Conclusions and perspectives

This paper provided a brief overview of artistic works making use of content- or semantic-based organization by similarity of media databases. Two main disciplines are seen as beneficial from requiring media content similarity: media preservation and documentation, and (realtime) media recomposition.

The described works use one single media type for the content-based analysis. Combining features from multiple media should enhance the robustness of the representation, for instance using both the video and soundtrack in the case of film documentation so as to analyze the relation between image and sound, in parallel to expert interpretation models, [7] using interactive summaries. Similarly, when classifying music albums, the visual artworks from the album, the textual description, and the lyrics might add be relevant as well to sort and organize a collection.

Regarding media recomposition, alternative and engaging interaction methods might be investigated to browse media collections in realtime (particularly for DJs and VJs), such as query by sketching to retrieve visual elements from a database while drawing, or query by whistling or beatboxing to create musical content.

These practises will certainly take advantage from advances in scientific fields such as multimedia information retrieval.

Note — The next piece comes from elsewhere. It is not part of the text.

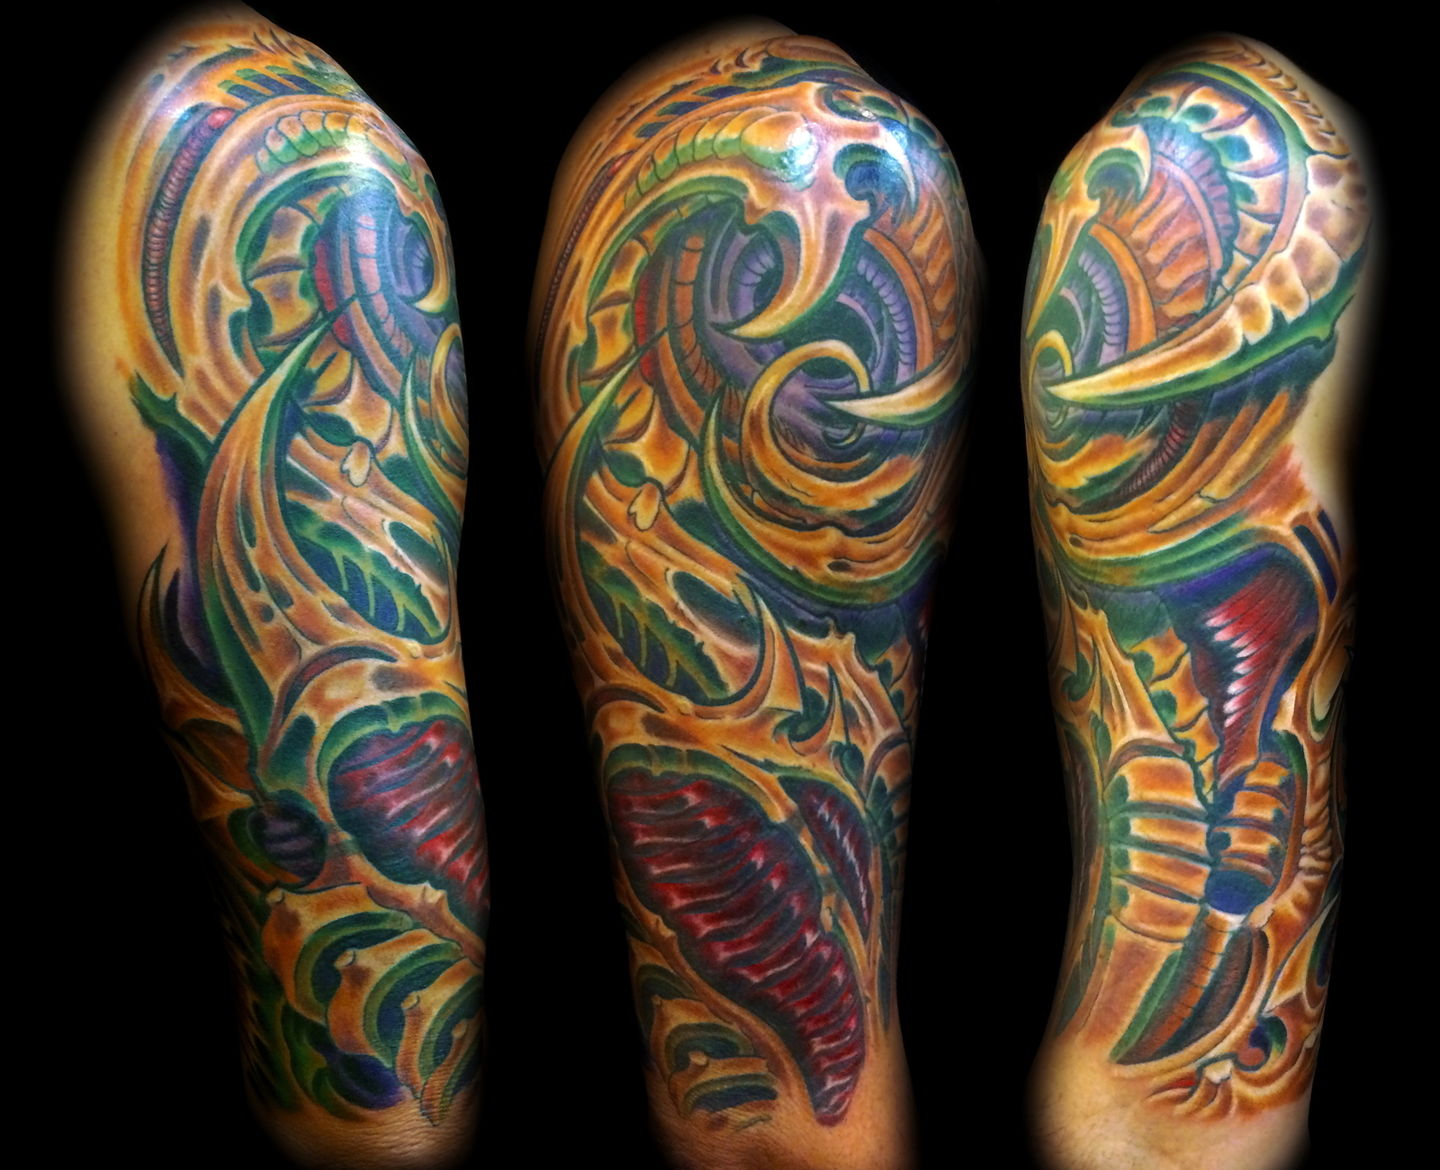 Las-vegas-tattoo-artist_joe-riley_biomech-sleeve-tattoos

The authors have been supported in a great extent by the numediart long-term research program centered on Digital Media Arts (, funded by Région Wallonne, Belgium (grant 716631). The authors wish to thank other past, present and indirect contributors to the MediaCycle framework, particularly Damien Tardieu, Thierry Ravet and Julien Leroy.

References and Notes: 
  1. L. Manovich, The Language of New Media (Cambridge, MA: The MIT Press, 2001), ISBN: 978-0-26-213374-6.
  2. D. Hofstadter, Gödel, Escher, Bach: an Eternal Golden Braid (New York: Basic Books, 1979), ISBN: 0-465-02685-0.
  3. S. Marchand-Maillet, D. Morrison, E. Szekely, and E. Bruno, "Interactive Representations of Multimodal Databases," in Multimodal Signal Processing - Theory and Applications for Human-Computer Interaction, ed. J. Thiran, F. Marqués. and H. Bourlard, 279-307 (San Diego, CA: Academic Press, 2010), ISBN-13: 978-0-12-374825-6.
  4. V. Vesna, ed., Database Aesthetics: Art in the Age of Information Overflow (Minnesota: University of Minnesota Press, 2007), ISBN-13: 978-0-8166-4118-5.
  5. C. Frisson, S. Dupont, X. Siebert, T. Dutoit and B. Macq, "DeviceCycle: rapid and reusable prototyping of gestural interfaces, applied to audio browsing by similarity," in Proceedings of the New Interfaces for Musical Expression++ (NIME++), 2010.
  6. D. Tardieu, X. Siebert, B. Mazzarino, R. Chessini, J. Dubois, S. Dupont, G. Varni, and A. Visentin, "Browsing a dance video collection: dance analysis and interface design," in Journal on Multimodal User Interfaces 4, No. 1 (2010): 37–46.
  7. M. Chion, Audio-vision: sound on screen (New York: Columbia University Press, 1994), ISBN: 0-231-07898-6.